[Collected data entries]

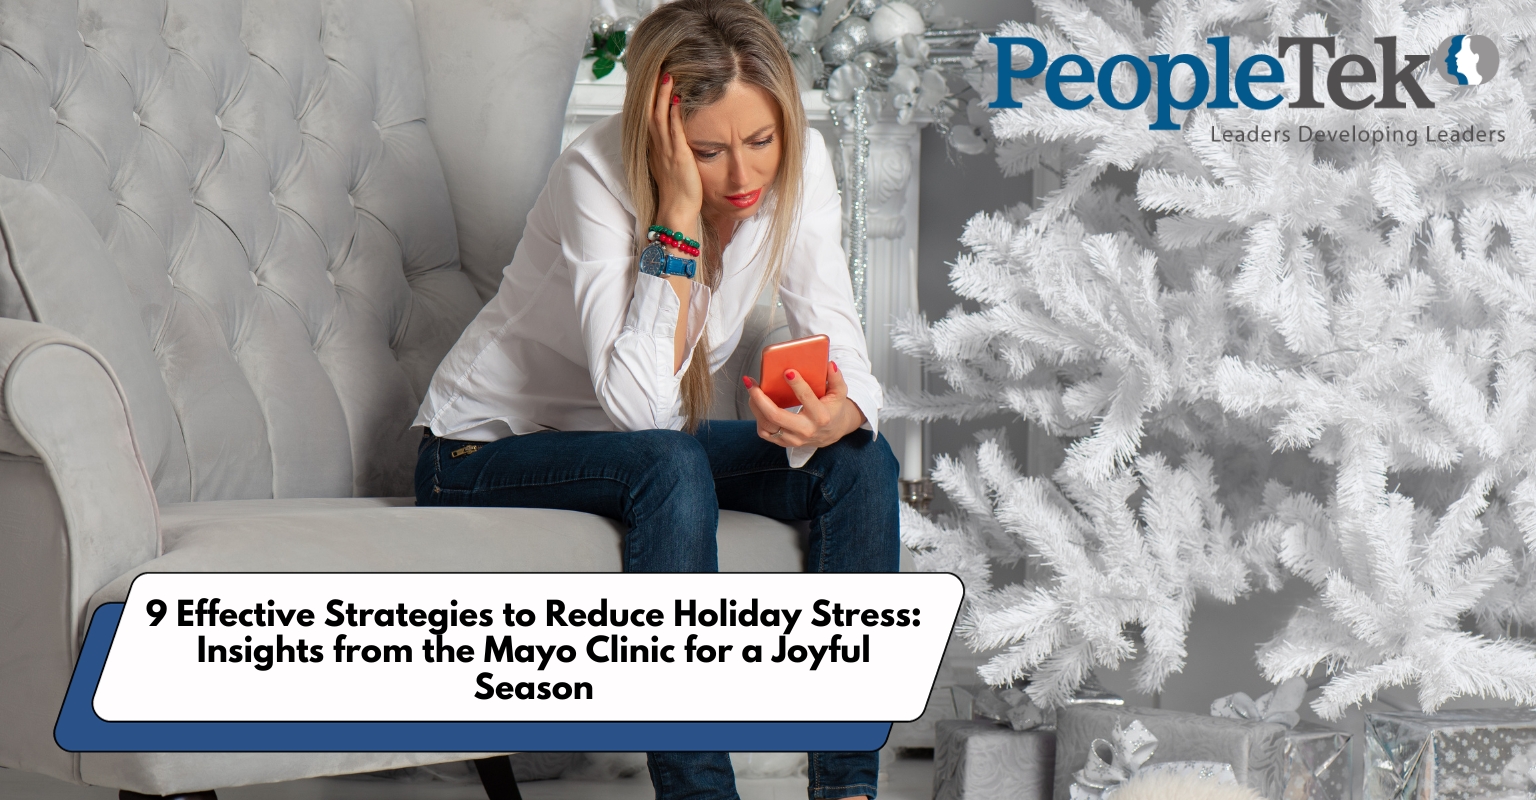 9 Effective Strategies to Reduce Holiday Stress: Insights from the Mayo Clinic for a Joyful Season
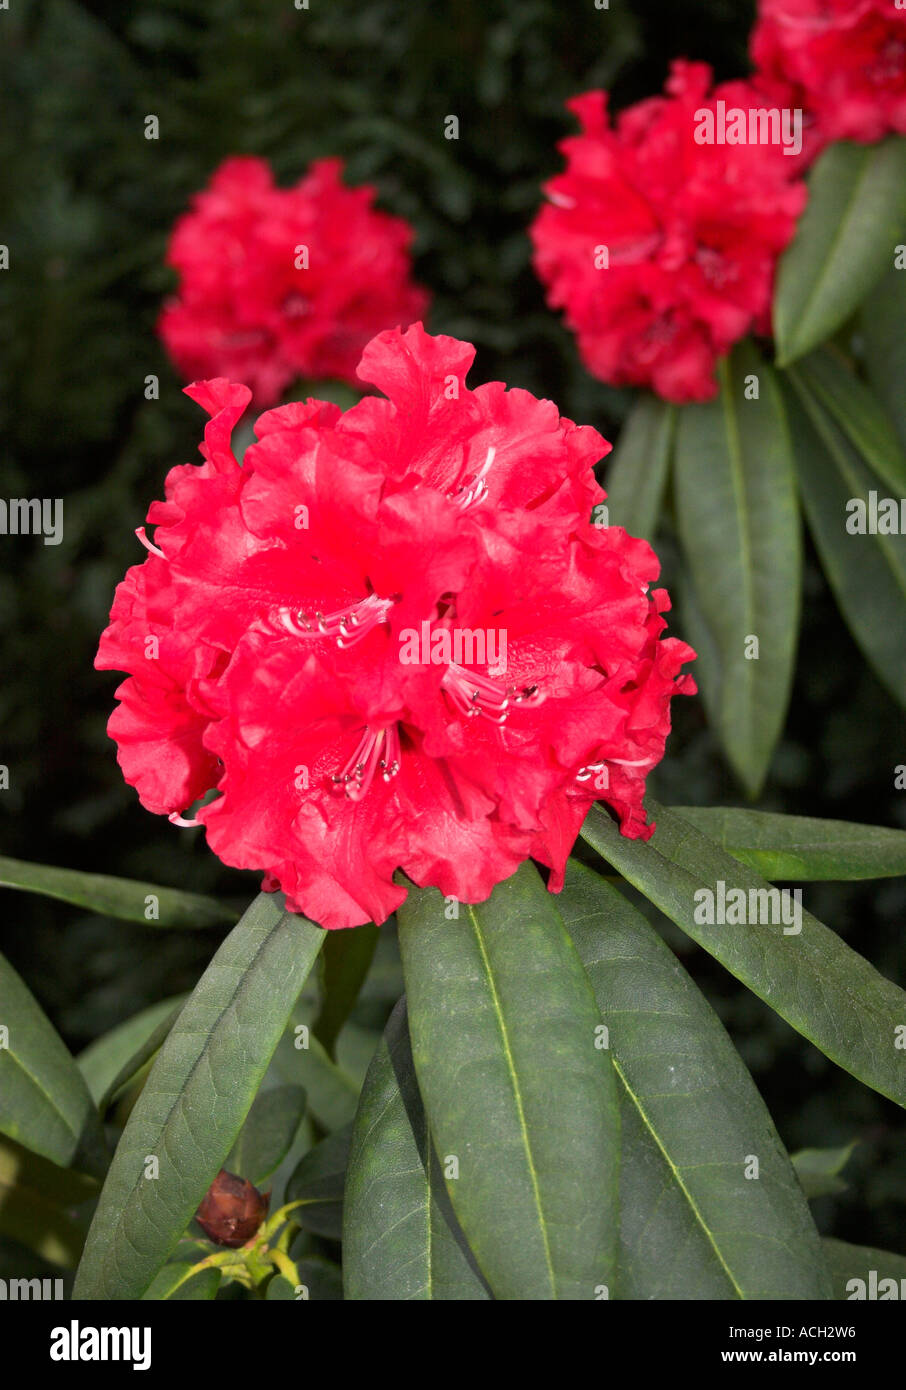 Red Rhododendron Bush Stock Photo
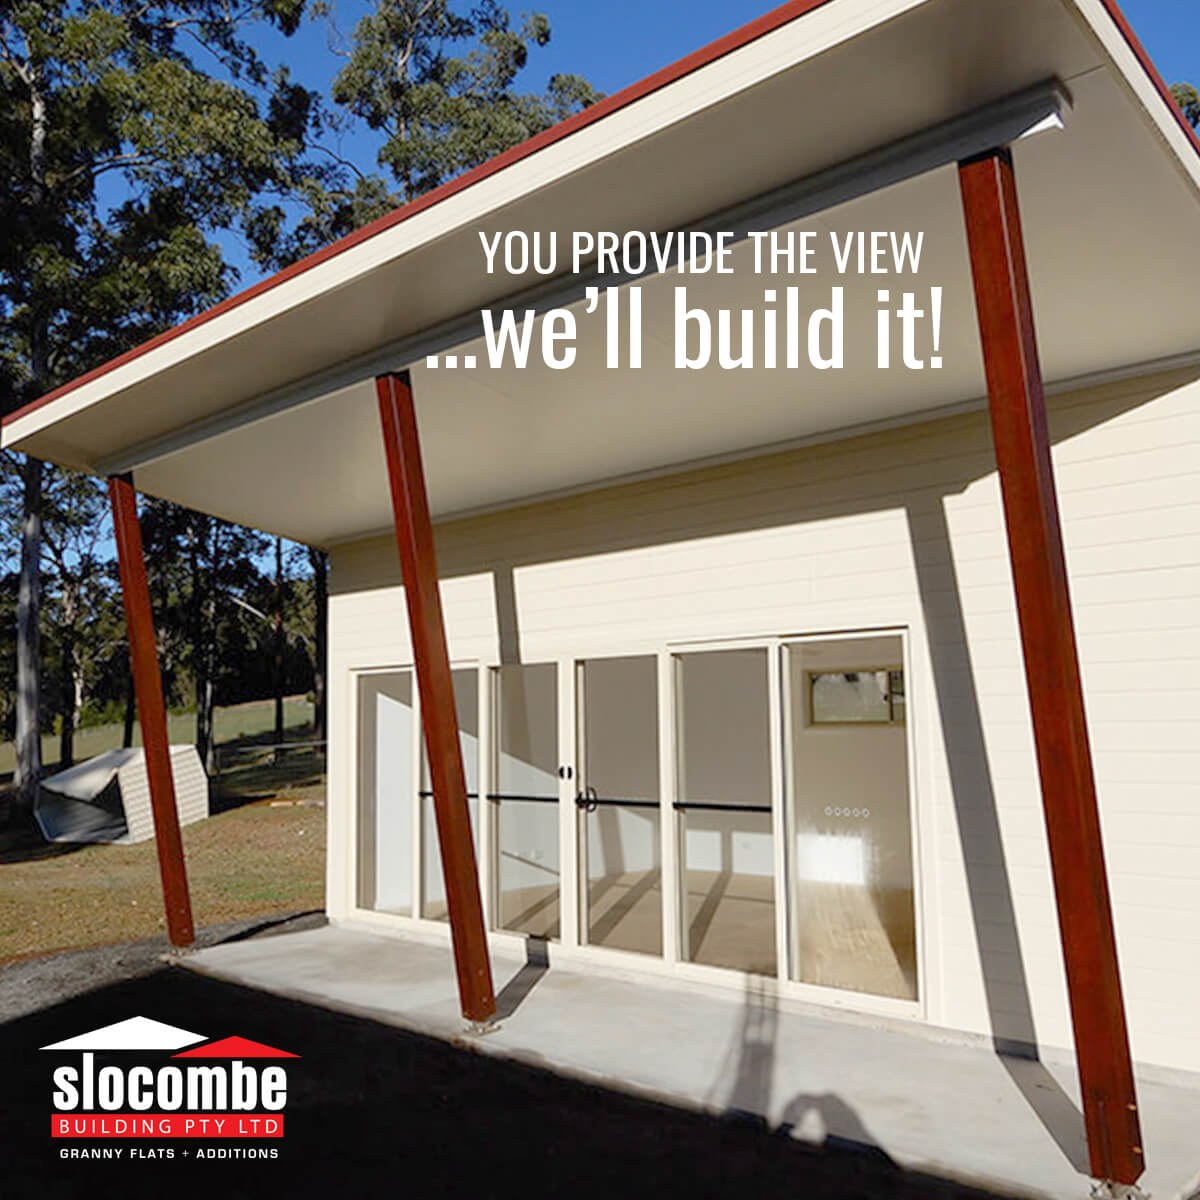 You provide the view...we'll build it. Call Slocombe Building Pty Ltd based in Port Macquarie.
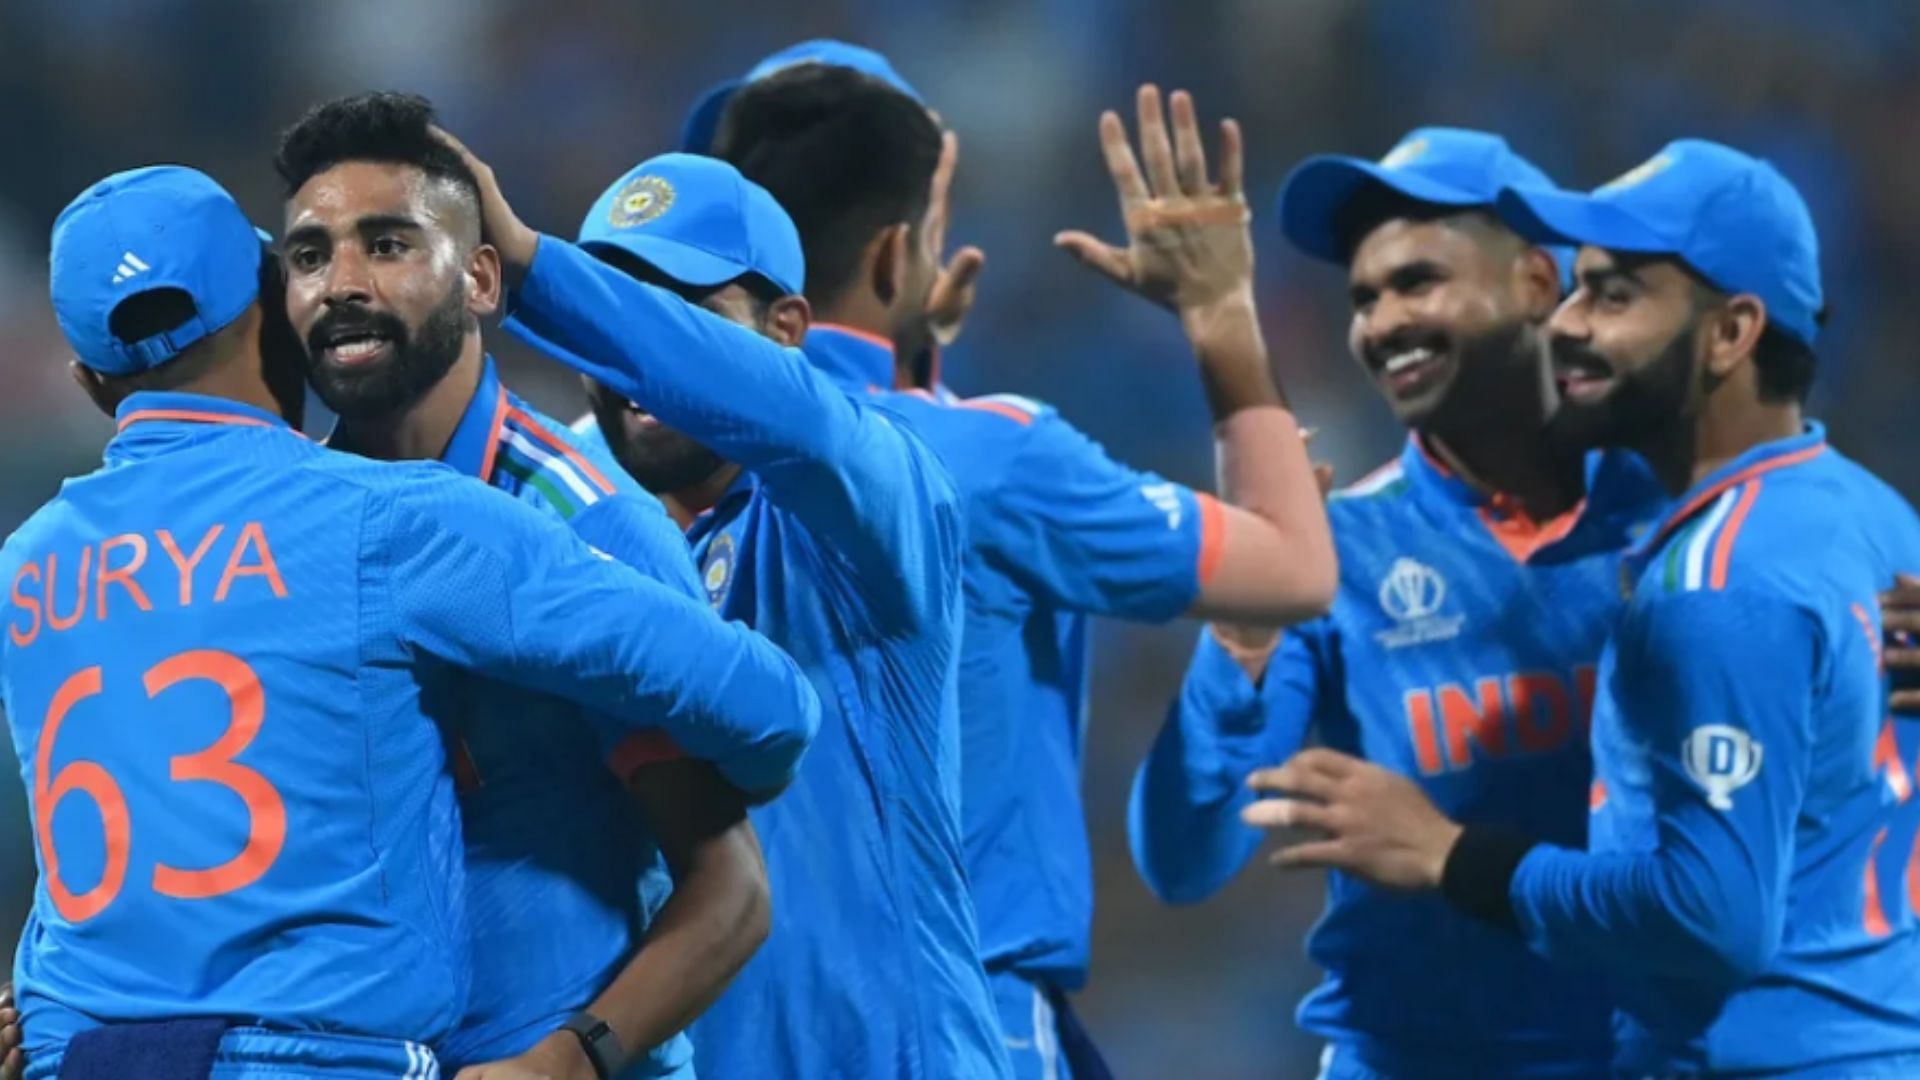 India celebrate after taking a wicket in the match against Sri Lanka. (Pic: Getty)
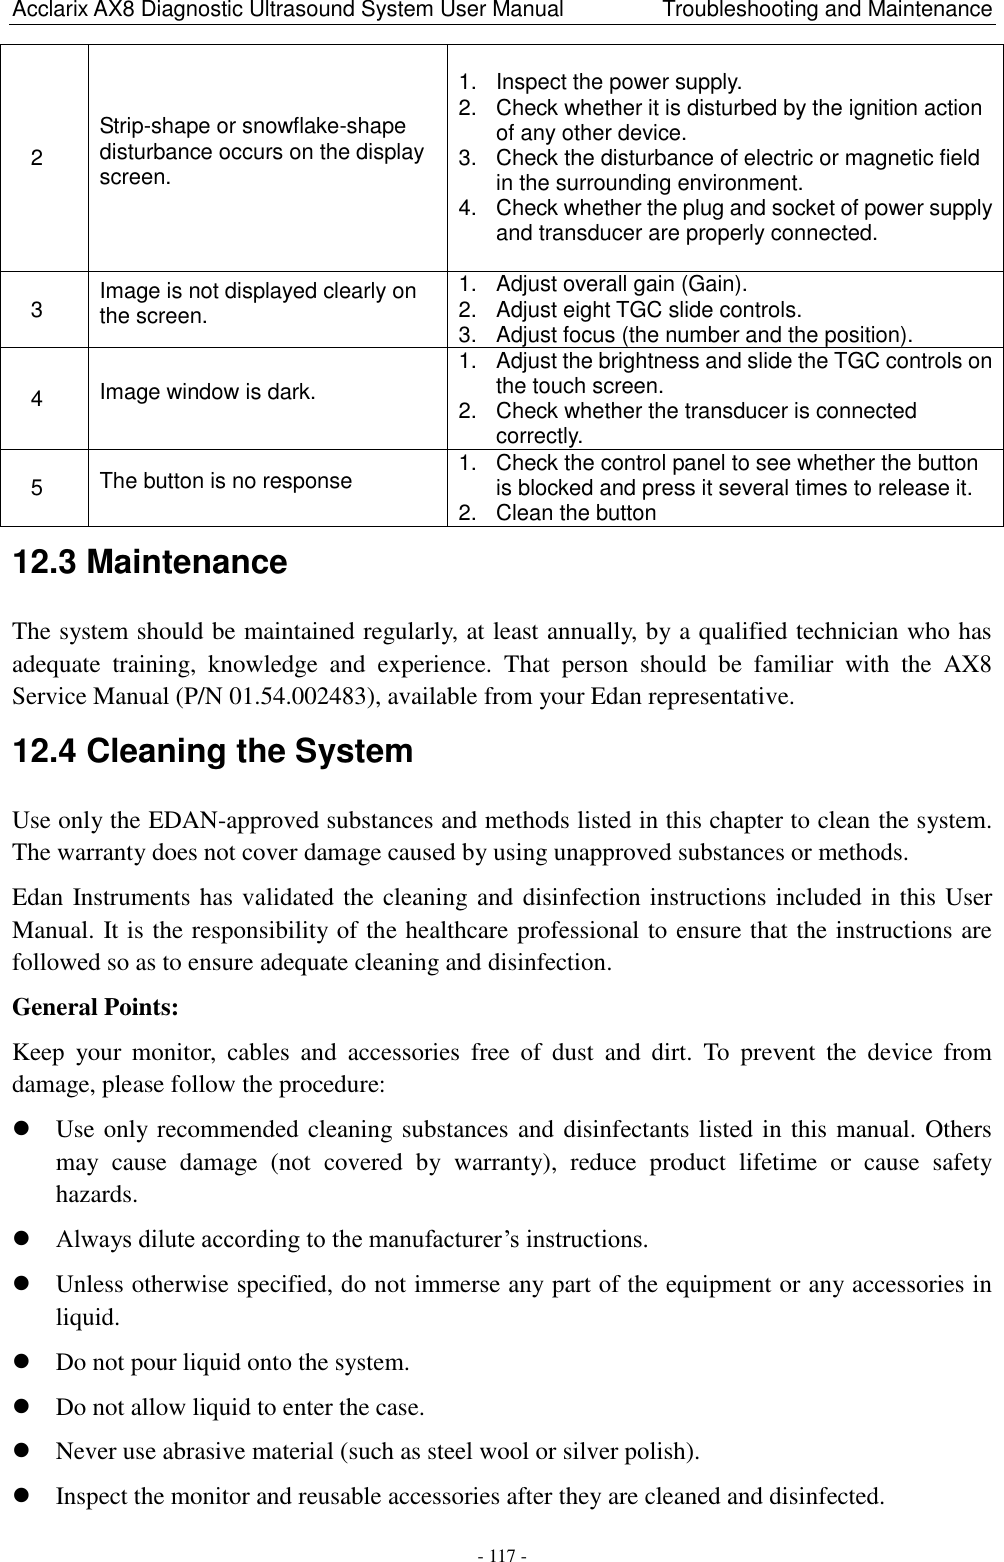 Acclarix AX8 Diagnostic Ultrasound System User Manual                  Troubleshooting and Maintenance - 117 - 12.3 Maintenance The system should be maintained regularly, at least annually, by a qualified technician who has adequate  training,  knowledge  and  experience.  That  person  should  be  familiar  with  the  AX8 Service Manual (P/N 01.54.002483), available from your Edan representative. 12.4 Cleaning the System Use only the EDAN-approved substances and methods listed in this chapter to clean the system. The warranty does not cover damage caused by using unapproved substances or methods. Edan Instruments has validated the cleaning and disinfection instructions included in this User Manual. It is the responsibility of the healthcare professional to ensure that the instructions are followed so as to ensure adequate cleaning and disinfection. General Points: Keep  your  monitor,  cables  and  accessories  free  of  dust  and  dirt.  To  prevent  the  device  from damage, please follow the procedure:    Use only recommended cleaning substances and disinfectants listed in this manual. Others may  cause  damage  (not  covered  by  warranty),  reduce  product  lifetime  or  cause  safety hazards.  Always dilute according to the manufacturer‟s instructions.  Unless otherwise specified, do not immerse any part of the equipment or any accessories in liquid.  Do not pour liquid onto the system.  Do not allow liquid to enter the case.  Never use abrasive material (such as steel wool or silver polish).  Inspect the monitor and reusable accessories after they are cleaned and disinfected. 2   Strip-shape or snowflake-shape disturbance occurs on the display screen. 1.  Inspect the power supply. 2.  Check whether it is disturbed by the ignition action of any other device. 3.  Check the disturbance of electric or magnetic field in the surrounding environment. 4.  Check whether the plug and socket of power supply and transducer are properly connected.   3   Image is not displayed clearly on the screen. 1.  Adjust overall gain (Gain). 2.  Adjust eight TGC slide controls. 3.  Adjust focus (the number and the position). 4   Image window is dark. 1.  Adjust the brightness and slide the TGC controls on the touch screen. 2.  Check whether the transducer is connected correctly. 5   The button is no response 1.  Check the control panel to see whether the button is blocked and press it several times to release it. 2.  Clean the button

Brief: For your answer, write out the data exactly and drop every picture.

Solution to the exercise:
 9 Effective Strategies to Reduce Holiday Stress: Insights from the Mayo Clinic for a Joyful Season
 Red Rhododendron Bush Stock Photo
 You provide the view...we'll build it. Call Slocombe Building Pty Ltd based in Port Macquarie.
 India celebrate after taking a wicket in the match against Sri Lanka. (Pic: Getty)
 Acclarix AX8 Diagnostic Ultrasound System User Manual                  Troubleshooting and Maintenance - 117 - 12.3 Maintenance The system should be maintained regularly, at least annually, by a qualified technician who has adequate  training,  knowledge  and  experience.  That  person  should  be  familiar  with  the  AX8 Service Manual (P/N 01.54.002483), available from your Edan representative. 12.4 Cleaning the System Use only the EDAN-approved substances and methods listed in this chapter to clean the system. The warranty does not cover damage caused by using unapproved substances or methods. Edan Instruments has validated the cleaning and disinfection instructions included in this User Manual. It is the responsibility of the healthcare professional to ensure that the instructions are followed so as to ensure adequate cleaning and disinfection. General Points: Keep  your  monitor,  cables  and  accessories  free  of  dust  and  dirt.  To  prevent  the  device  from damage, please follow the procedure:    Use only recommended cleaning substances and disinfectants listed in this manual. Others may  cause  damage  (not  covered  by  warranty),  reduce  product  lifetime  or  cause  safety hazards.  Always dilute according to the manufacturer‟s instructions.  Unless otherwise specified, do not immerse any part of the equipment or any accessories in liquid.  Do not pour liquid onto the system.  Do not allow liquid to enter the case.  Never use abrasive material (such as steel wool or silver polish).  Inspect the monitor and reusable accessories after they are cleaned and disinfected. 2   Strip-shape or snowflake-shape disturbance occurs on the display screen. 1.  Inspect the power supply. 2.  Check whether it is disturbed by the ignition action of any other device. 3.  Check the disturbance of electric or magnetic field in the surrounding environment. 4.  Check whether the plug and socket of power supply and transducer are properly connected.   3   Image is not displayed clearly on the screen. 1.  Adjust overall gain (Gain). 2.  Adjust eight TGC slide controls. 3.  Adjust focus (the number and the position). 4   Image window is dark. 1.  Adjust the brightness and slide the TGC controls on the touch screen. 2.  Check whether the transducer is connected correctly. 5   The button is no response 1.  Check the control panel to see whether the button is blocked and press it several times to release it. 2.  Clean the button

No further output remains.